Exercise material:
┄┄┄┄┄┄

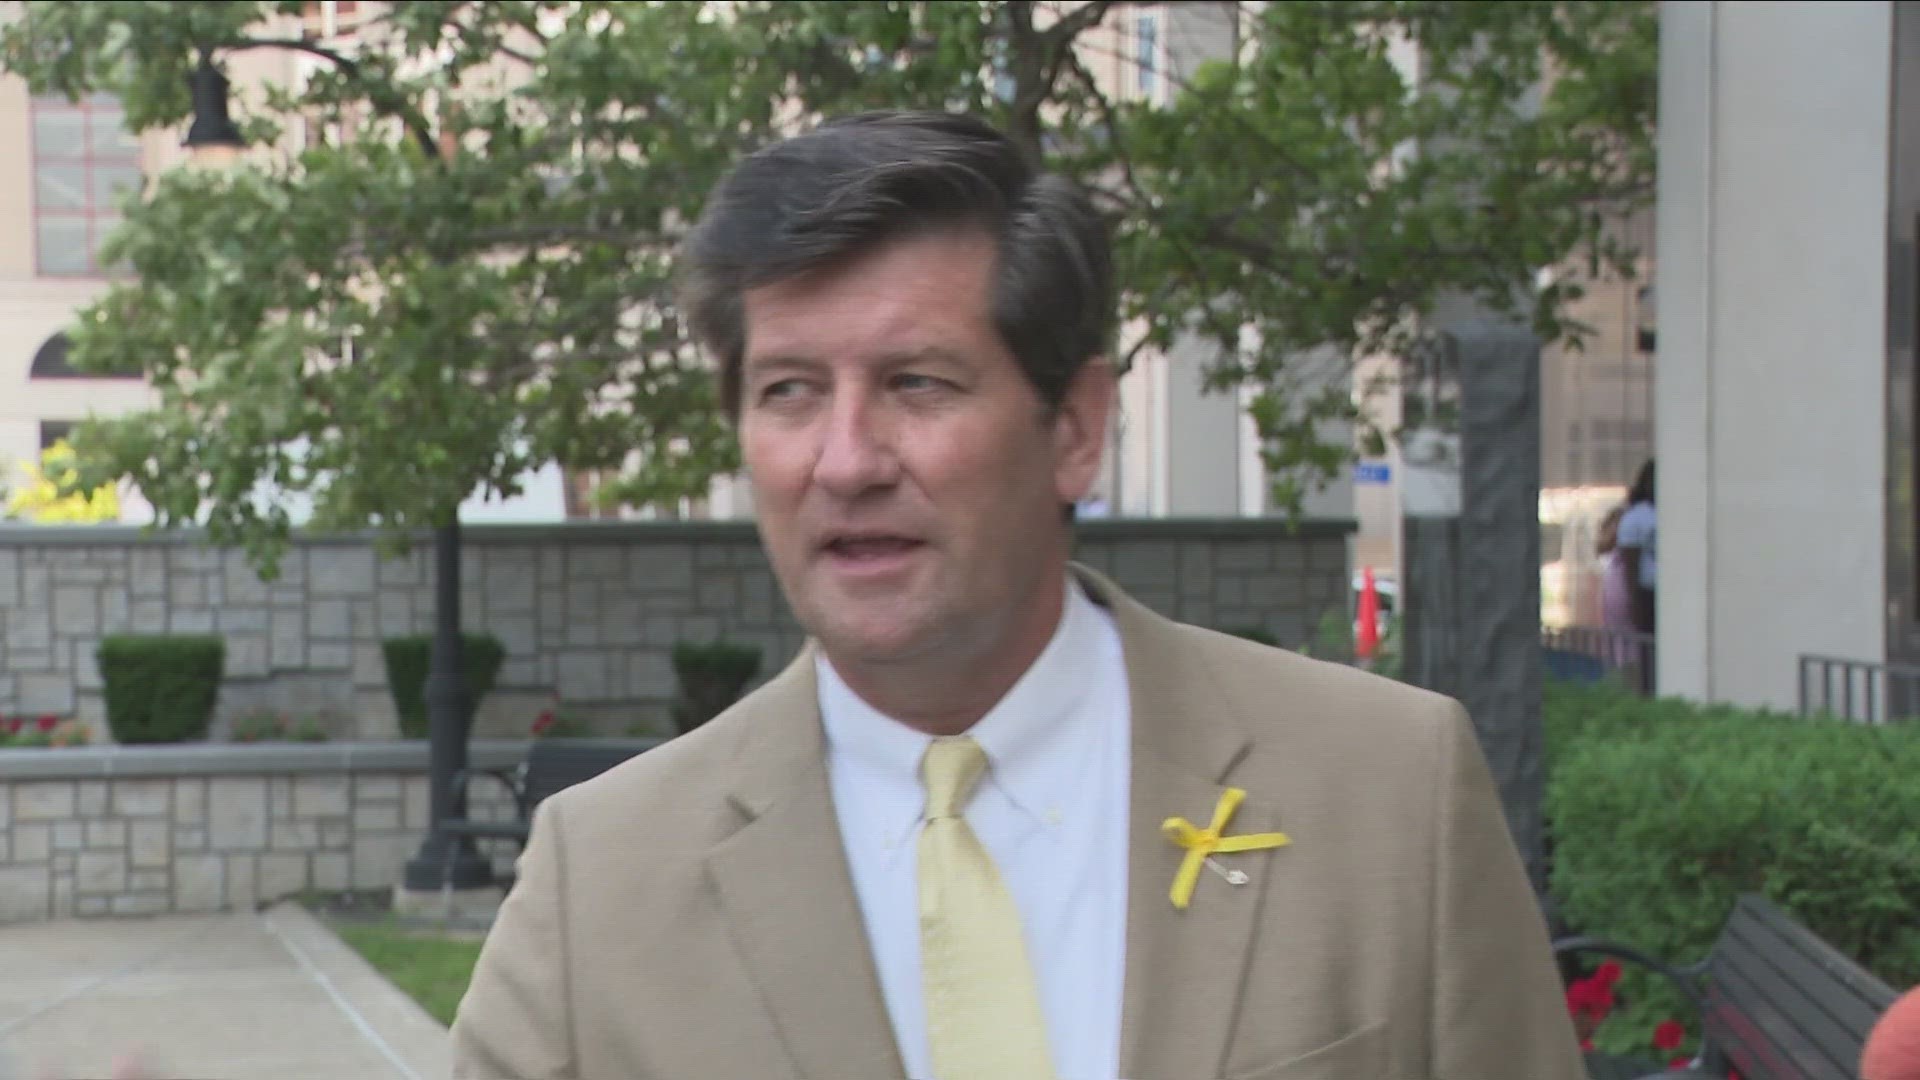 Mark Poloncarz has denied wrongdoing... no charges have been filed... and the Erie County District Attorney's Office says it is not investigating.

┄┄┄┄┄┄

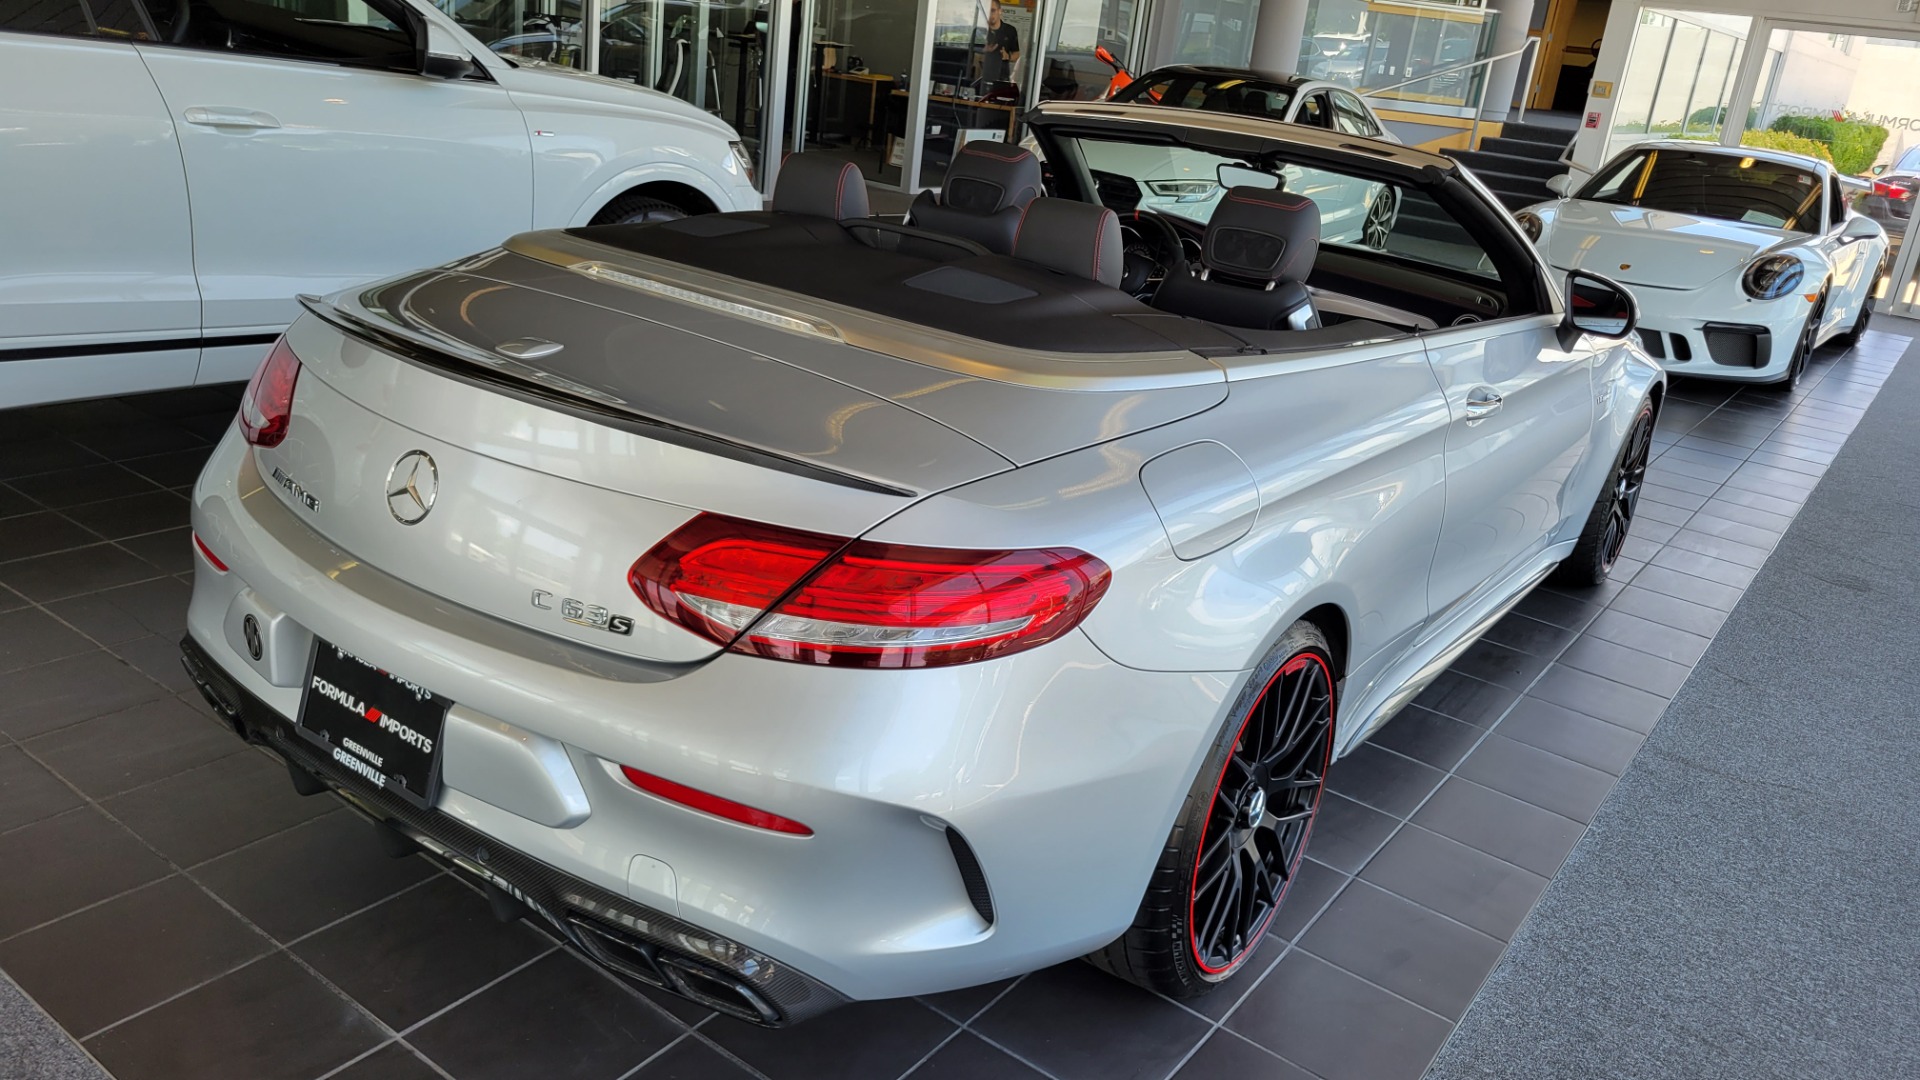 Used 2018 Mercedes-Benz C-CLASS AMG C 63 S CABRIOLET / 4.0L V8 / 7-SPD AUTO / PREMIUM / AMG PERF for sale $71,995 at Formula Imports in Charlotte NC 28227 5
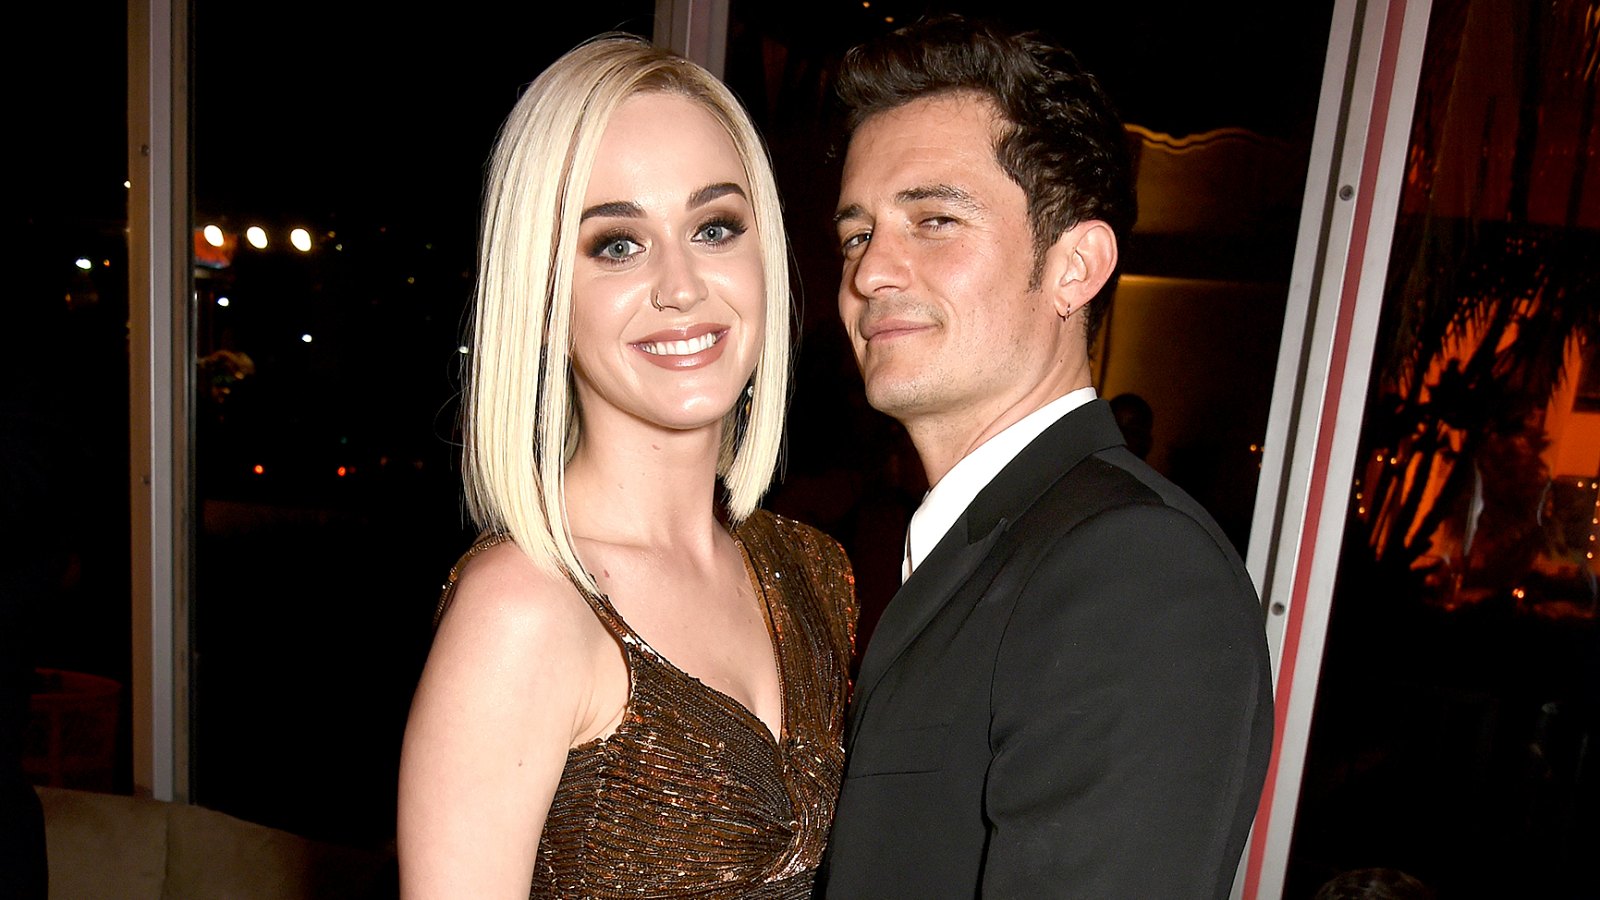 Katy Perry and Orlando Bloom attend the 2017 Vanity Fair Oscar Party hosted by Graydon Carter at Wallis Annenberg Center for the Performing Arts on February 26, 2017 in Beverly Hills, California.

┄┄┄┄┄┄

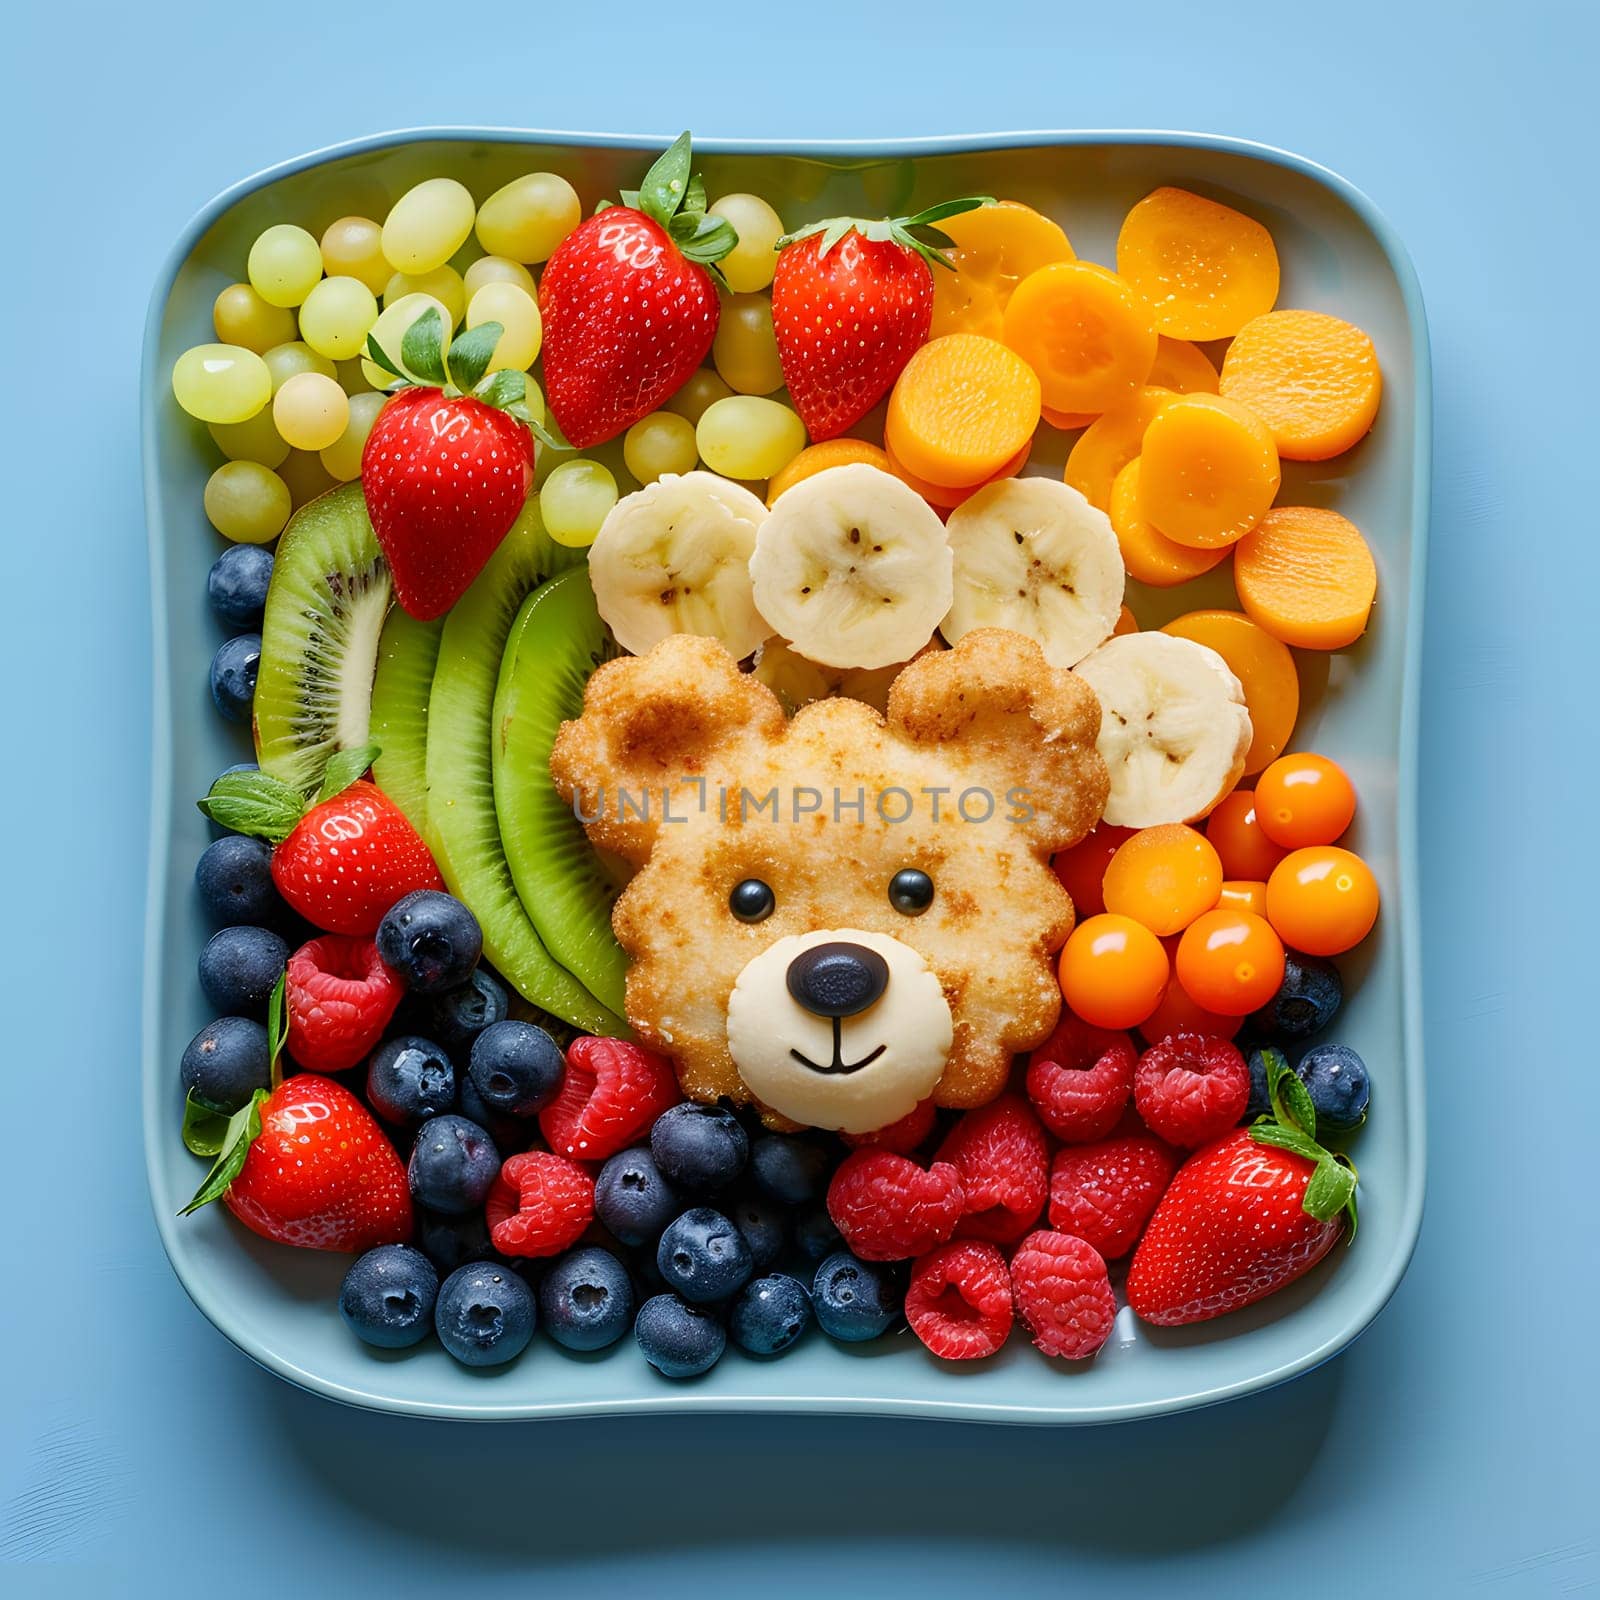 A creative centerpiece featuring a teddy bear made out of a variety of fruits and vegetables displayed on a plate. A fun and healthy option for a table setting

┄┄┄┄┄┄

Set the pictures aside and retype exactly the lines above from the line with "Used 2018 Mercedes-Benz" to the line with "Katy Perry and", both included, adding no others.

 Used 2018 Mercedes-Benz C-CLASS AMG C 63 S CABRIOLET / 4.0L V8 / 7-SPD AUTO / PREMIUM / AMG PERF for sale $71,995 at Formula Imports in Charlotte NC 28227 5
 Katy Perry and Orlando Bloom attend the 2017 Vanity Fair Oscar Party hosted by Graydon Carter at Wallis Annenberg Center for the Performing Arts on February 26, 2017 in Beverly Hills, California.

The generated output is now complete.